Screenshot - New Transformation

Name your transformation, optionally add a description and folder, and click Create Transformation.

Screenshot - Create Transformation

The configuration page allows you to set up input/output mappings, write SQL queries, and configure transformation settings.

Screenshot - DuckDB Transformation Configuration

On the right side panel, you can configure:

  • Timeout --- maximum execution time (default: 1 hour)
  • Backend size --- amount of memory allocated for the transformation (see Dynamic Backends)
  • DuckDB version --- select which DuckDB version to use (see DuckDB Version)
  • Automatic data types --- automatically assign data types to output tables
  • Use parquet for input tables --- use Parquet format instead of CSV for input data (see Parquet Format)
  • Infer input table data types --- infer data types from input tables (see Infer Input Table Data Types)
  • Debug mode --- enable debug logging for troubleshooting

You can select the DuckDB version used to run the transformation. Use latest (default) to always run on the most recent supported version, or pin to a specific version (e.g., 1.5.2, 1.4.4) for stability. Each supported version runs in its own isolated environment.

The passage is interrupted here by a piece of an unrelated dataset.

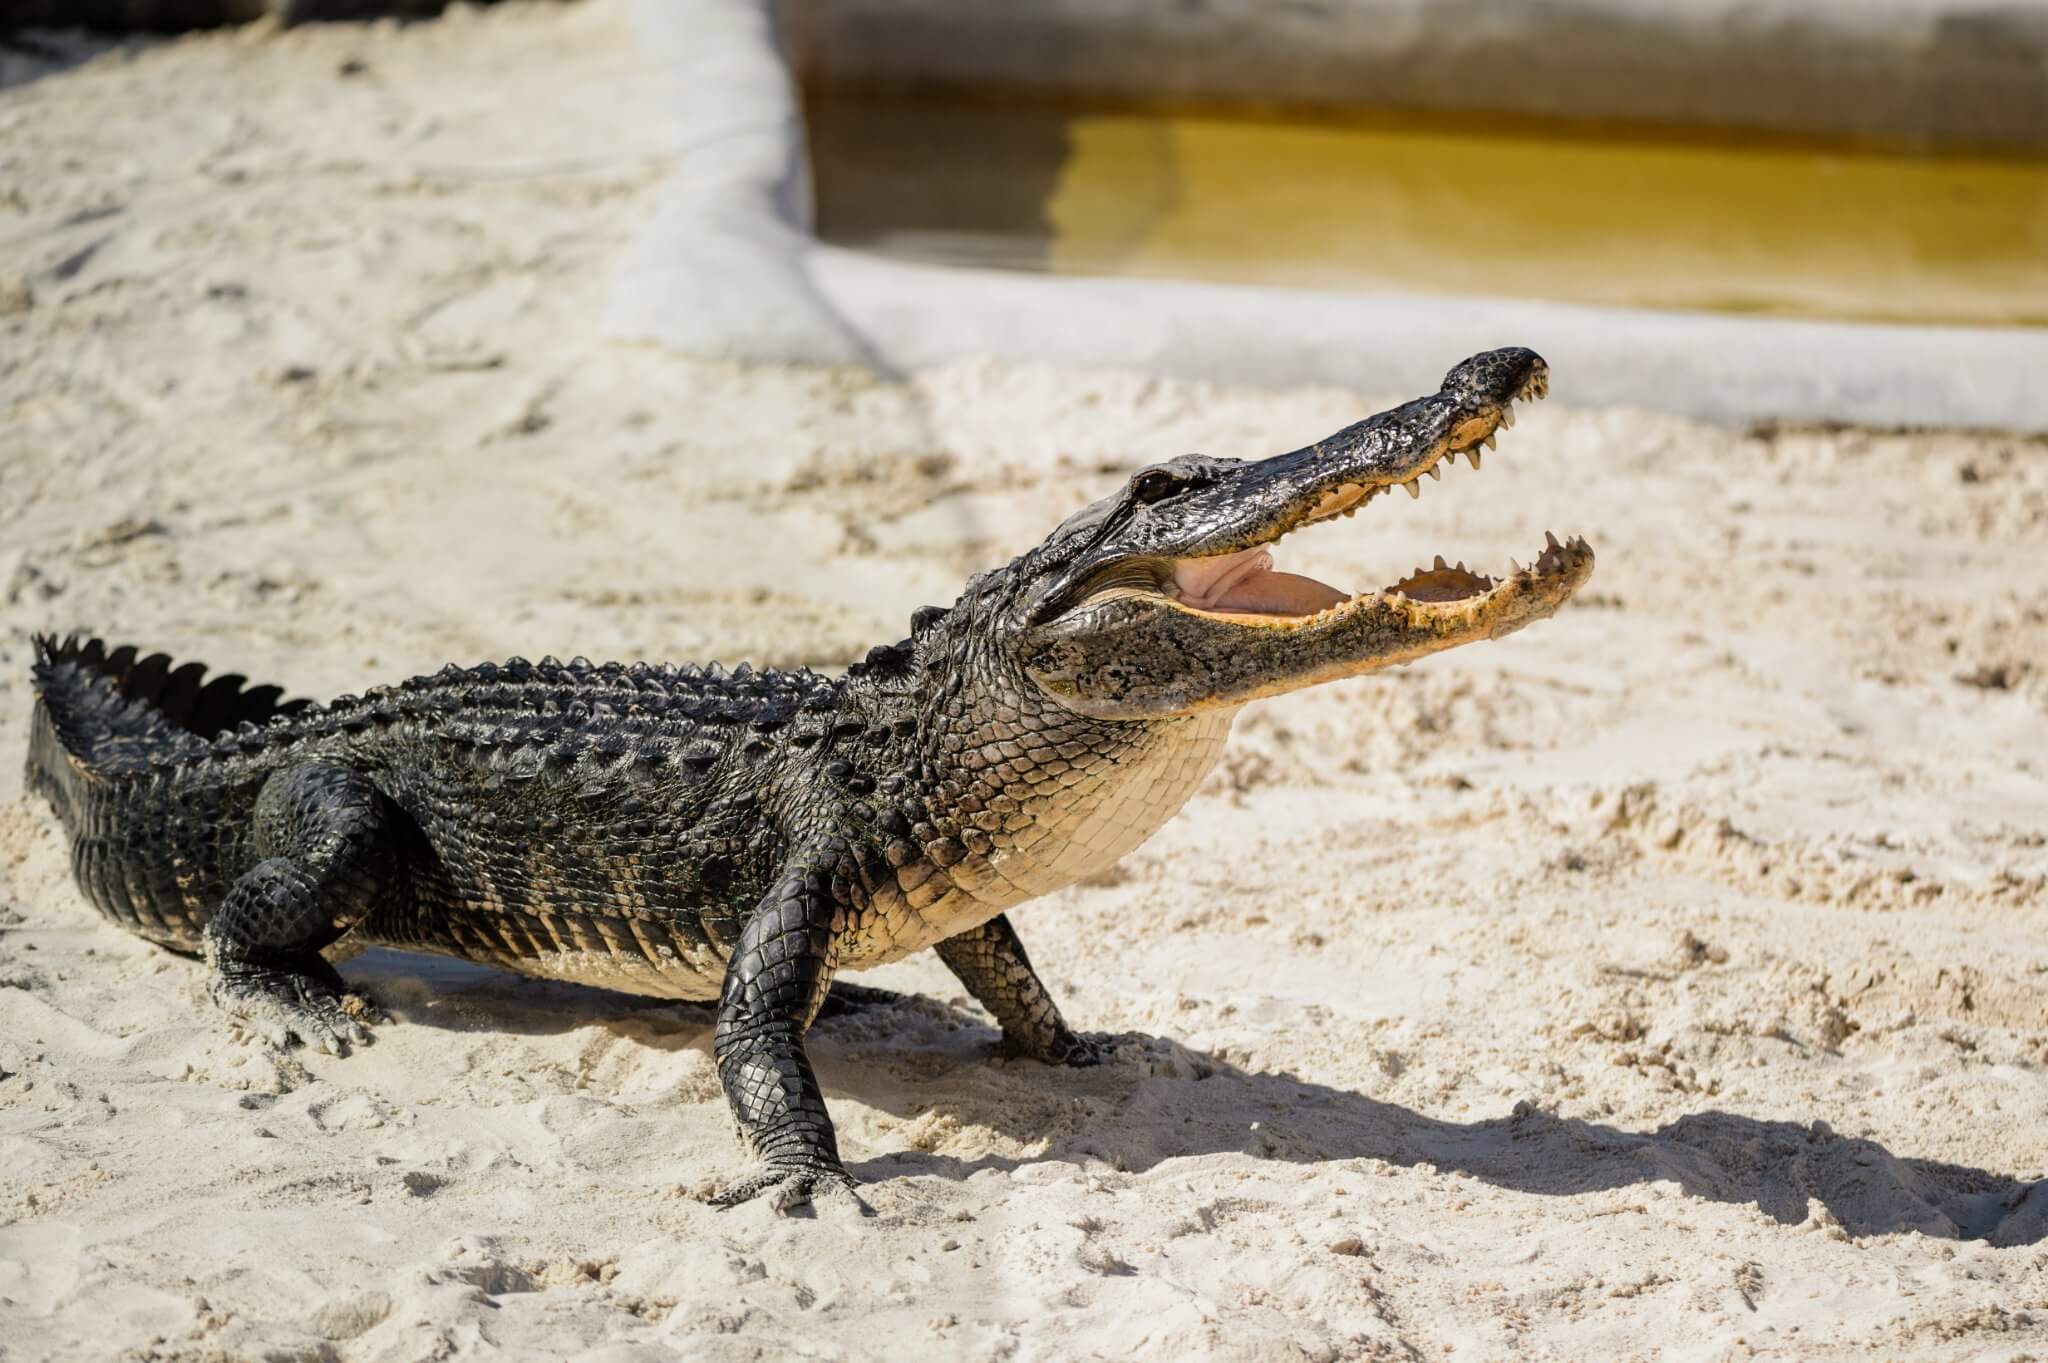 Alligator in a sand area
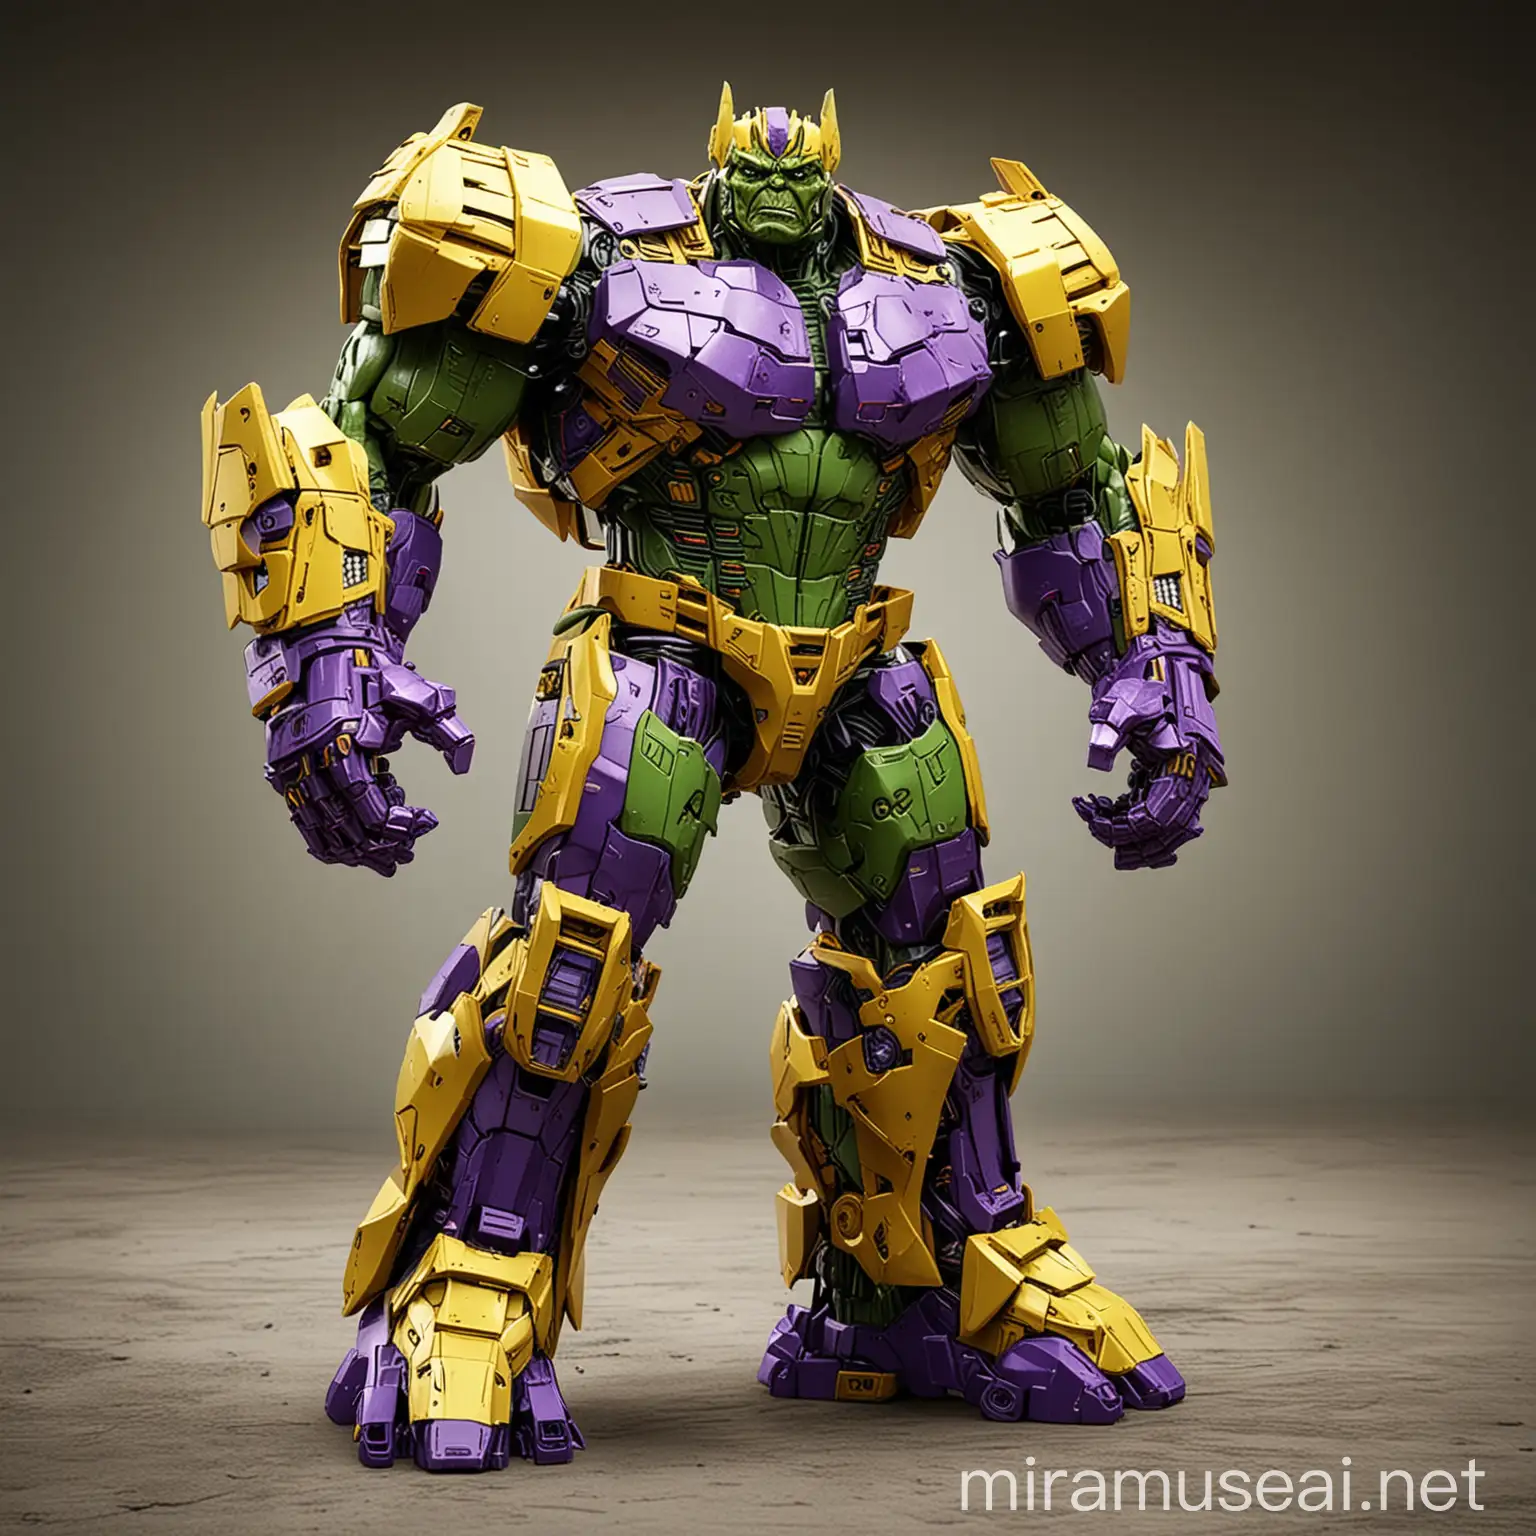 Hulk Transformer Powerful Green Giant Transforms into YellowGreen and Purple Machine

Screenshot - DuckDB Version Selection

DuckDB transformations use block-based orchestration for organizing and executing SQL code:

  • Blocks are executed sequentially (one after another).
  • Scripts (code pieces) within a block are executed in parallel when they have no dependencies on each other.
  • The system uses SQLGlot to automatically analyze SQL and build a DAG (Directed Acyclic Graph) of dependencies.
  • Execution order is automatically optimized based on the dependency analysis.

This means you can organize your transformation into logical blocks and let the system handle parallel execution where possible.

DuckDB transformations provide four sync actions for debugging and visualization without running the full transformation:

  • Syntax check (syntax_check) --- validates your SQL syntax without executing any queries. Useful for catching errors before running the transformation.
  • Lineage visualization (lineage_visualization) --- generates a markdown diagram of data dependencies, showing how tables flow through your transformation.
  • Execution plan visualization (execution_plan_visualization) --- shows the planned execution order with blocks and batches, illustrating how the automatic DAG organizes your queries.
  • Expected input tables (expected_input_tables) --- displays the list of input tables that the transformation expects based on the SQL analysis.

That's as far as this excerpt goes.